What would he do? Is he really a quarterback? Can he be a starter in the league? Those were the questions asked repeatedly all day, every day.

Every morning, ESPN personality Skip Bayless was on "First Take" pounding the table with his fist and praising Tebow with enough rhetoric and hyperbole that he could easily be mistaken for Tebow's dad.

And with Tebow now with the Jets as a backup, people still can't stop talking about him. All of the media hysteria reminds me of the horror classic "Scanners." With every Tebow story that piles up, my head feels like it's on the verge of exploding.

I felt similar during the replacement ref debacle on Monday Night Football when they robbed the Packers of a win. They ruled that Seahawks receiver Golden Tate caught a touchdown as time expired when it was obvious the Packers' M.D. Jennings picked the ball off.

After seeing such a horrendous call, my head starting spinning like Linda Blair in "The Exorcist."

And in college football, this year's West Virginia vs. Baylor game turned out to be a offensive bloodbath. The two teams combined for 133 points and 1,507 yards. Geno Smith alone threw for a ludicrous 656 yards and eight touchdowns.

I think the film of that game will become like the infamous cursed videotape in the 2002 movie "The Ring." Defensive coordinators will refuse to watch it; the horror and carnage of it will be too much to bear.

I thought about "An American Werewolf in London." That's the story of a young American lad that goes to London, turns into a lycanthrope and terrorizes the city.

It kind of reminds me of how American Michael Phelps went there for the Summer Olympics and took over the city and the competition. He won four more gold medals--giving him the most ever by any Olympic athlete with 18.

I think of a plethora of classic horror movies when thinking about the Giants team that won the Super Bowl earlier this year.
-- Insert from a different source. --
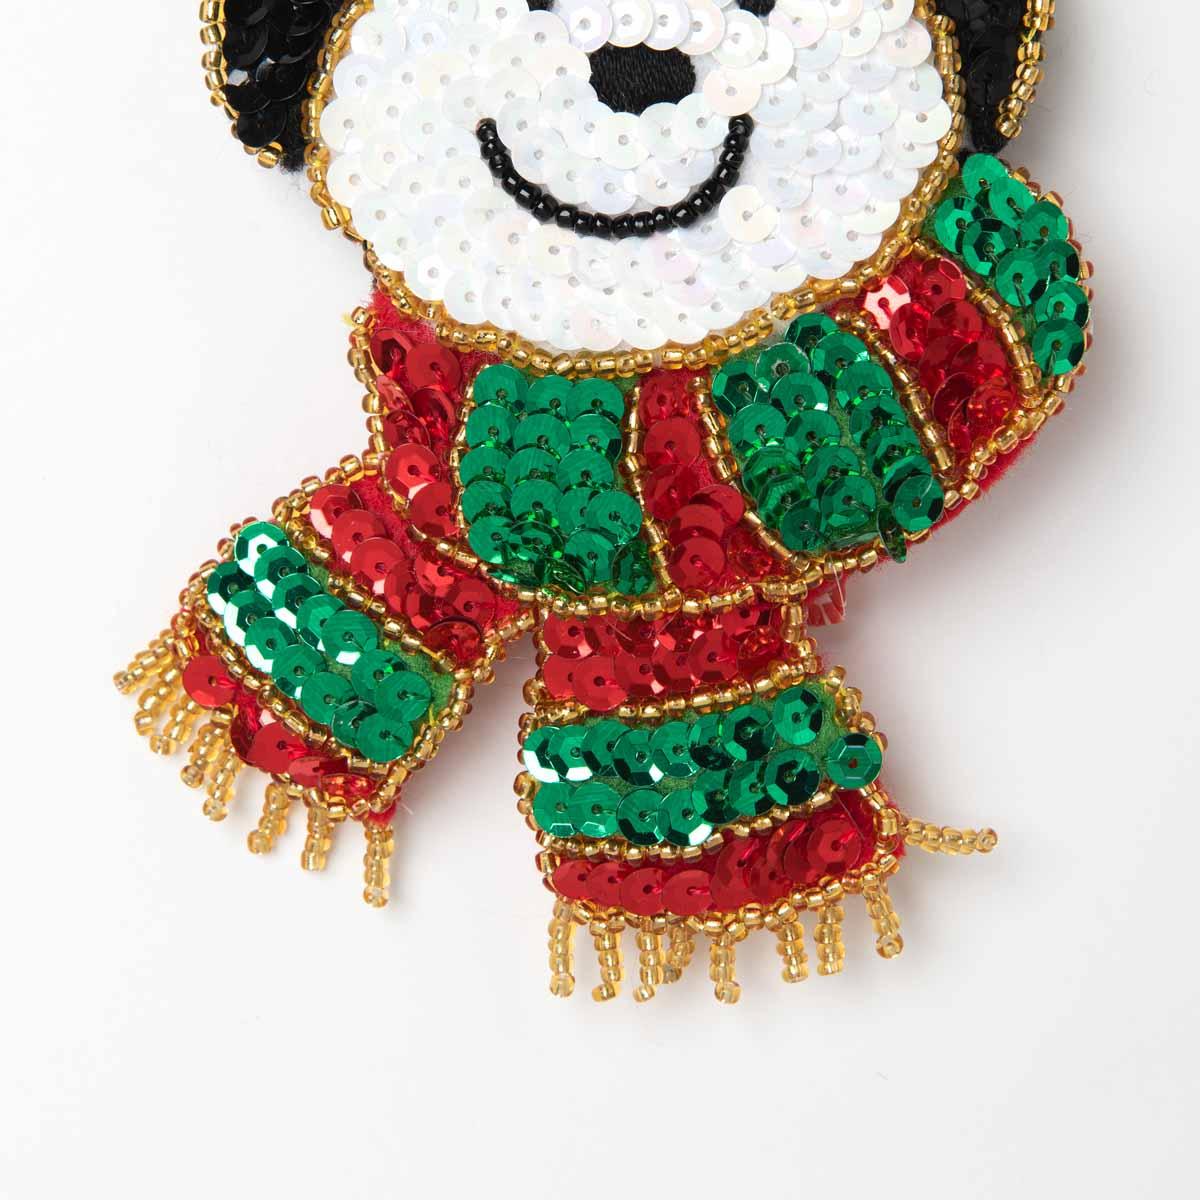 Bucilla ® Seasonal - Felt - Ornament Kits - Glitz Santa - 89263E

First, I think of "Return of the Living Dead." That's what the Giants' championship dreams were at one point of the season: dead. They were 6-6 and pretty fresh off of a 49-24 beatdown handed to them by the Saints.
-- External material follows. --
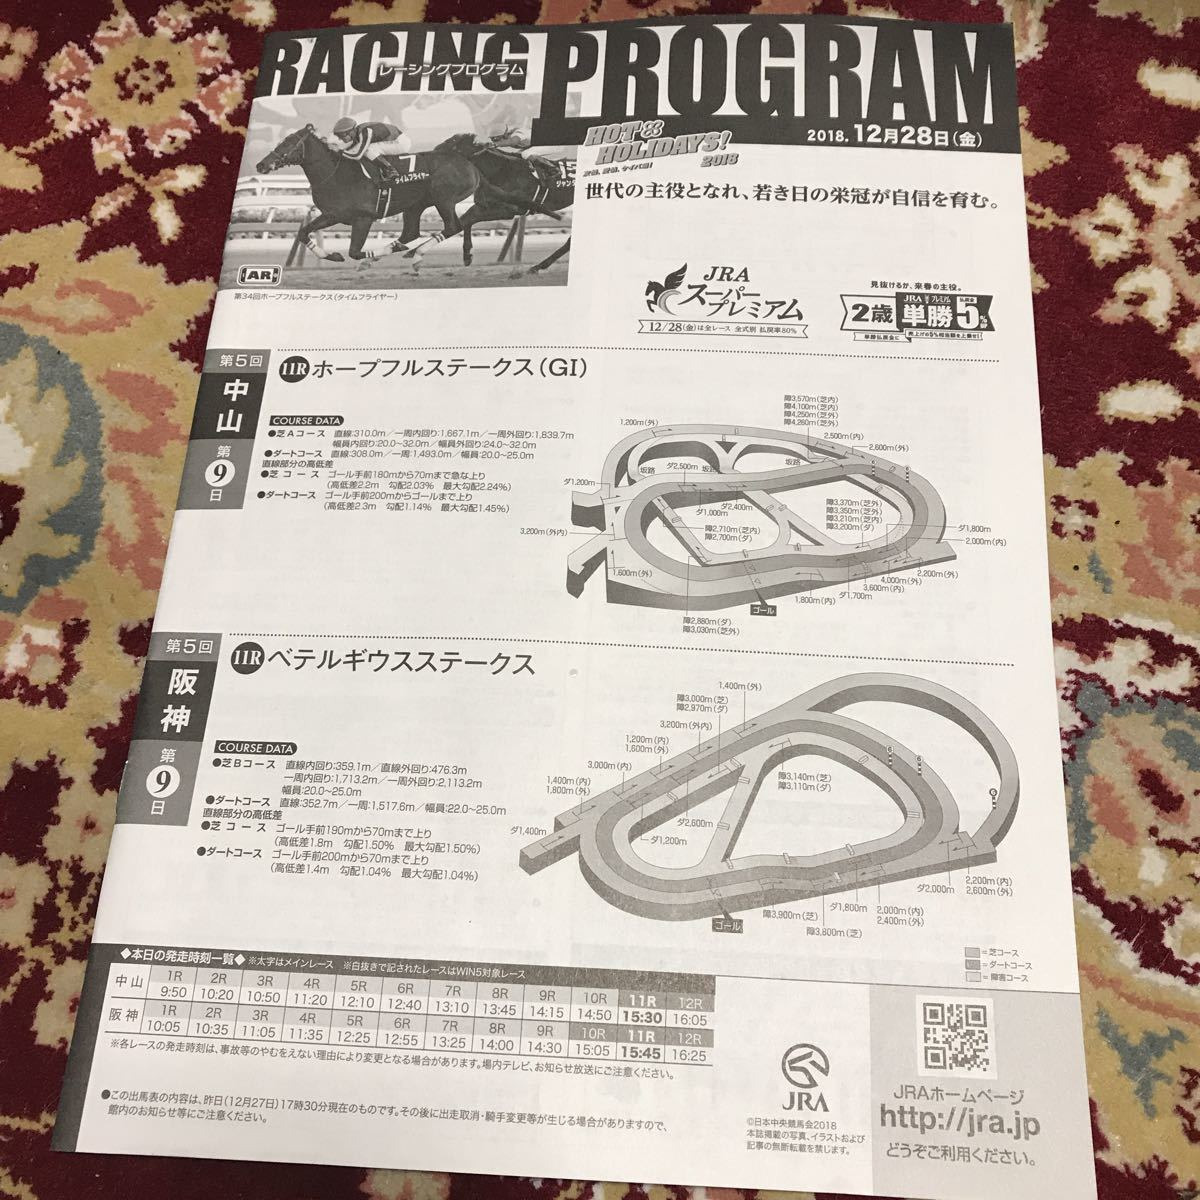 JRAレーシングプログラム2018.12月28日(金)、ホープフルステークス(GⅠ)、ベテルギウスステークス_画像1

But, just like their 2007 Super Bowl year , they rose from the grave--winning three of their next four. And in the playoffs, they rolled the Falcons, beat the 15-1 Packers in Lambeau, beat the 13-3 49ers in San Fran' and beat the Tom Brady-led Patriots in the Super Bowl.

And head coach Tom Coughlin keeps reminding me of Michael Myers and Jason Voorhees. Every time you think he's done, he just keeps coming back.

For my last case of sports and horror movie parallels, I go to a horrifying and heinous scene that took place on the night of Jan. 9: the BCS Championship Game.

After a season for the ages, LSU came out flat, unprepared and uninspired. As a result, the all-time great regular season they had became all for naught as they were embarrassed by Alabama 21-0.

Watching the offense only cross mid-field once, get five first downs and only gain 92 total yards truly made me feel like I was in "Saw." That's because the sight of that offensive output made me want to cut off my own foot in a loud scream of pain. I don't think I was the only one.

Either way, keep watching those sports and horror classics, and have a great, safe Halloween.